For what it's worth, the VXML file you attached to the bug appears to be 
encoded in UTF-16 (with BOM), not UTF-8 as indicated by the XML declaration.  
If you change the XML declaration to match the actual encoding, or the actual 
encoding to match the declaration, I imagine you'll get better results.

It's often useful with questions like this to try parsing the offending 
document with one of the samples, such as DOMPrint.  In this case, I found that 
DOMPrint (version 2.5) said the following:

  Fatal Error at file "[some-path]test1012.1.vxml", line 1, column 39

   Message: An exception occurred! Type:UTFDataFormatException, Message:invalid 
byte 1 (ê) of a 1-byte sequence.

While it may not be obvious what exactly caused the problem, there are some 
pretty strong hints there.  When I changed the declaration to match the actual 
encoding, DOMPrint processed the document successfully.

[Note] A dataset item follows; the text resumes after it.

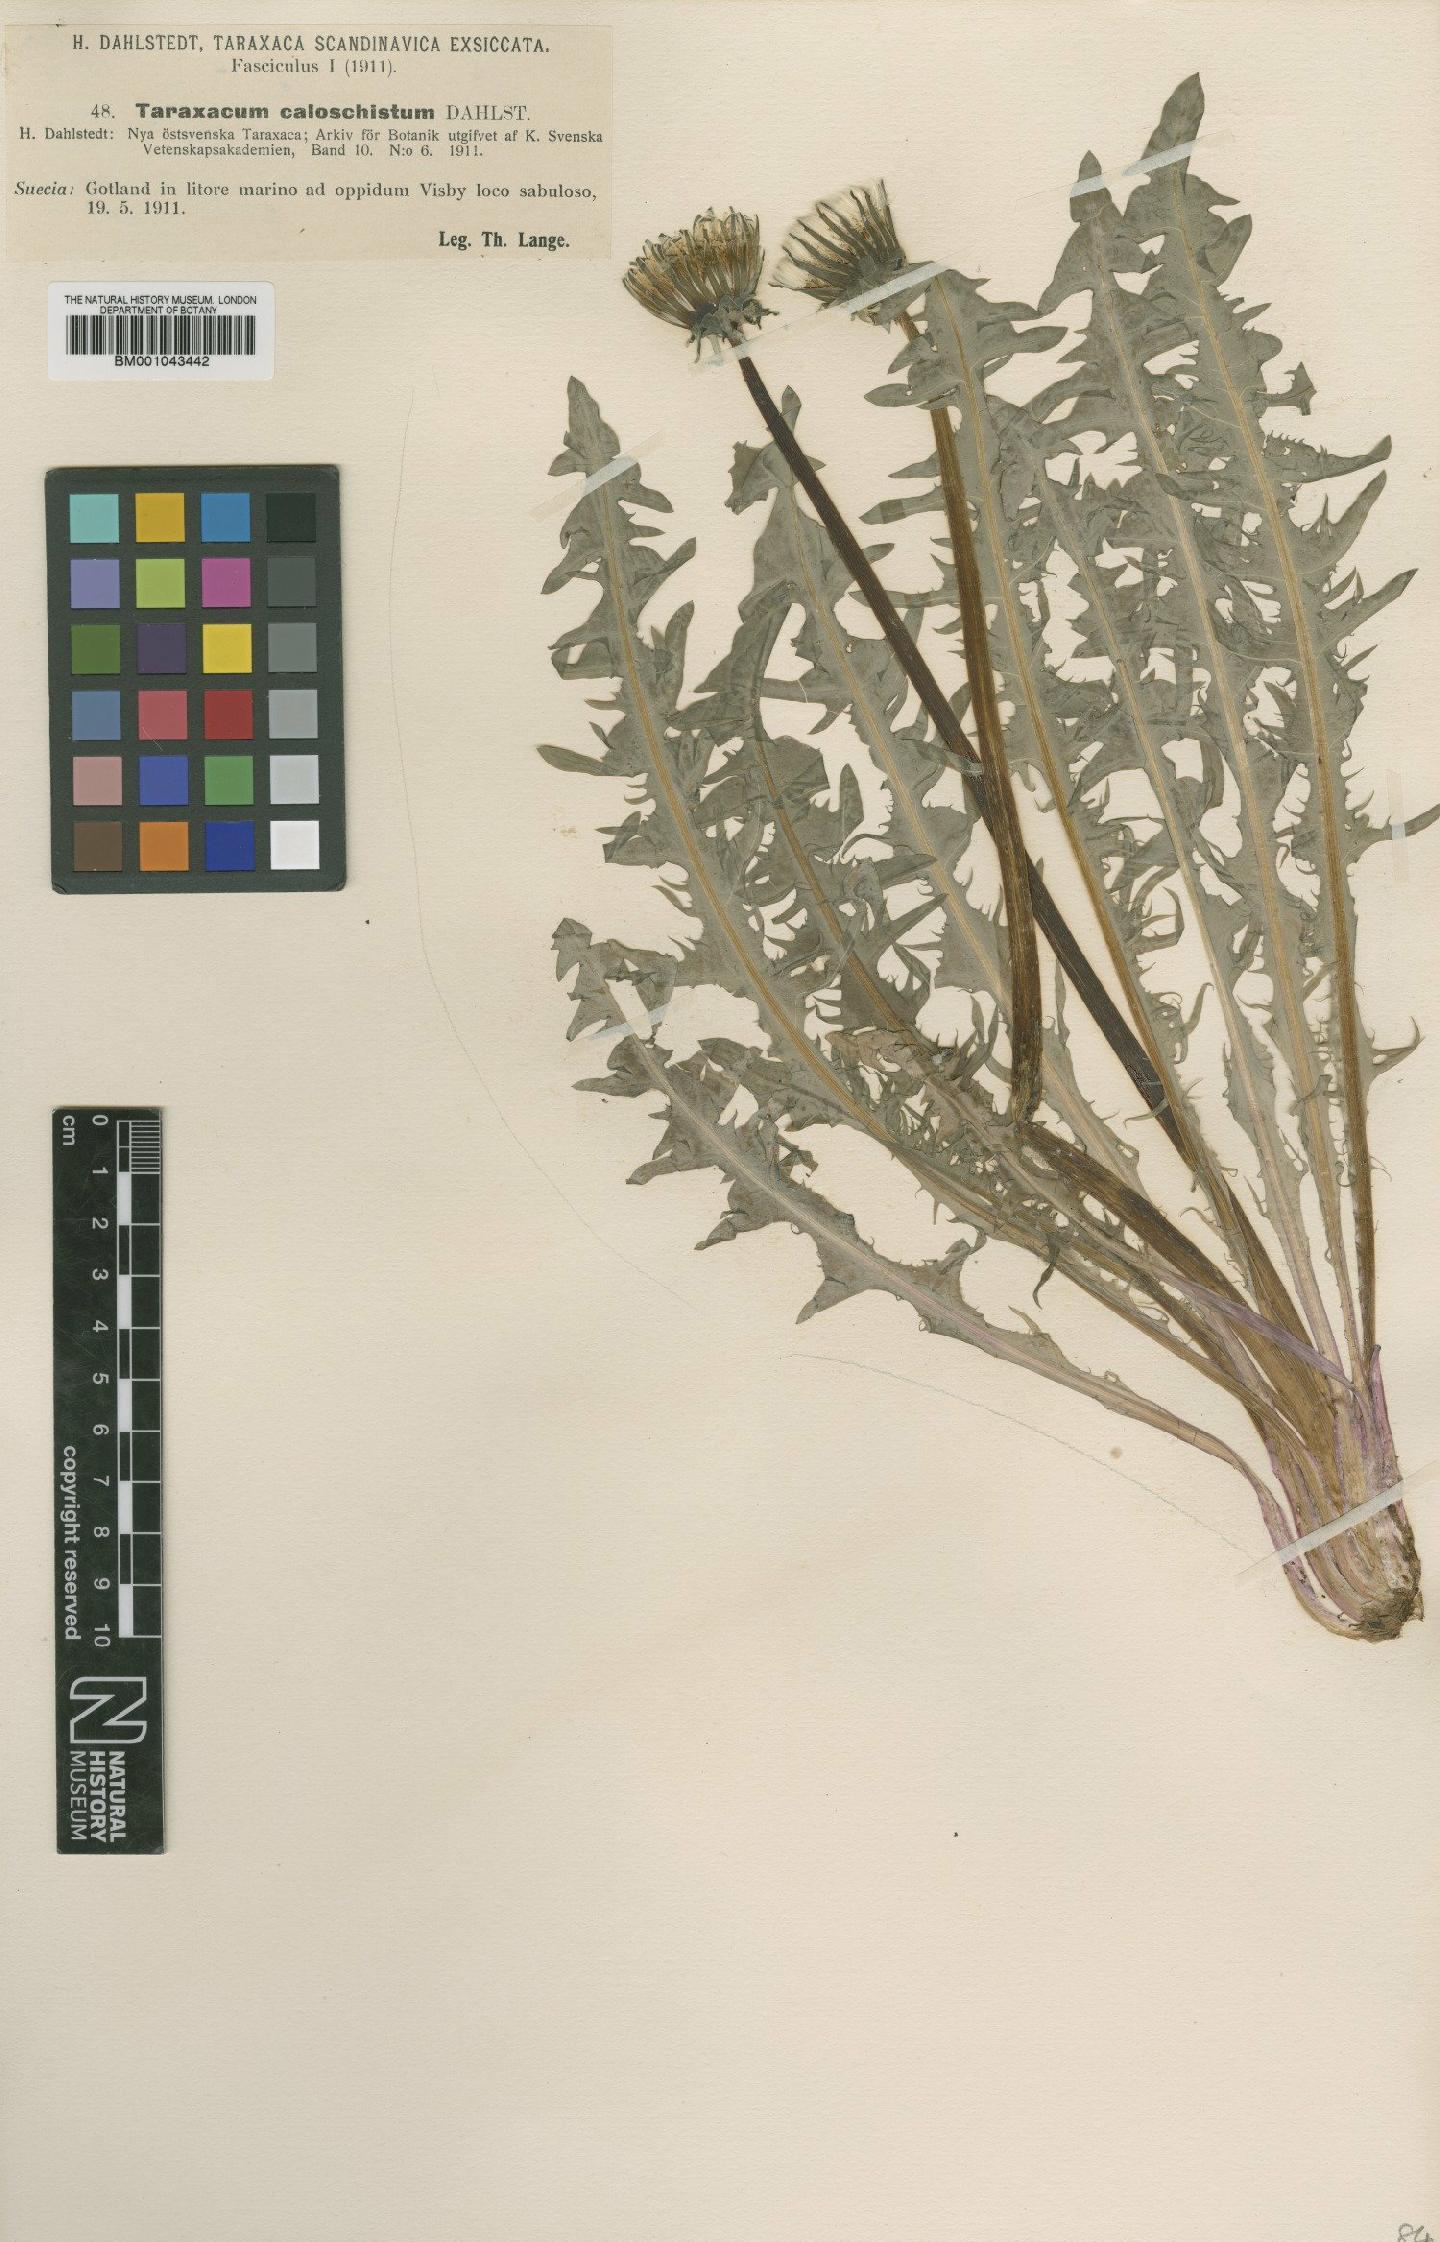 To NHMUK collection (Taraxacum caloschistum Dahlst; Type; NHMUK:ecatalogue:1998165)

-----Original Message-----
From: Jesse Pelton (JIRA) [mailto:[EMAIL PROTECTED] 
Sent: Thursday, June 22, 2006 12:48 PM
To: [email protected]
Subject: [jira] Closed: (XERCESC-1606) Failing in parsing Unicode XML file

     [ http://issues.apache.org/jira/browse/XERCESC-1606?page=all ]
     
Jesse Pelton closed XERCESC-1606:
---------------------------------

    Resolution: Invalid

Please use the mailing lists for questions about using Xerces. See 
http://xml.apache.org/mail.html#xerces-c-user.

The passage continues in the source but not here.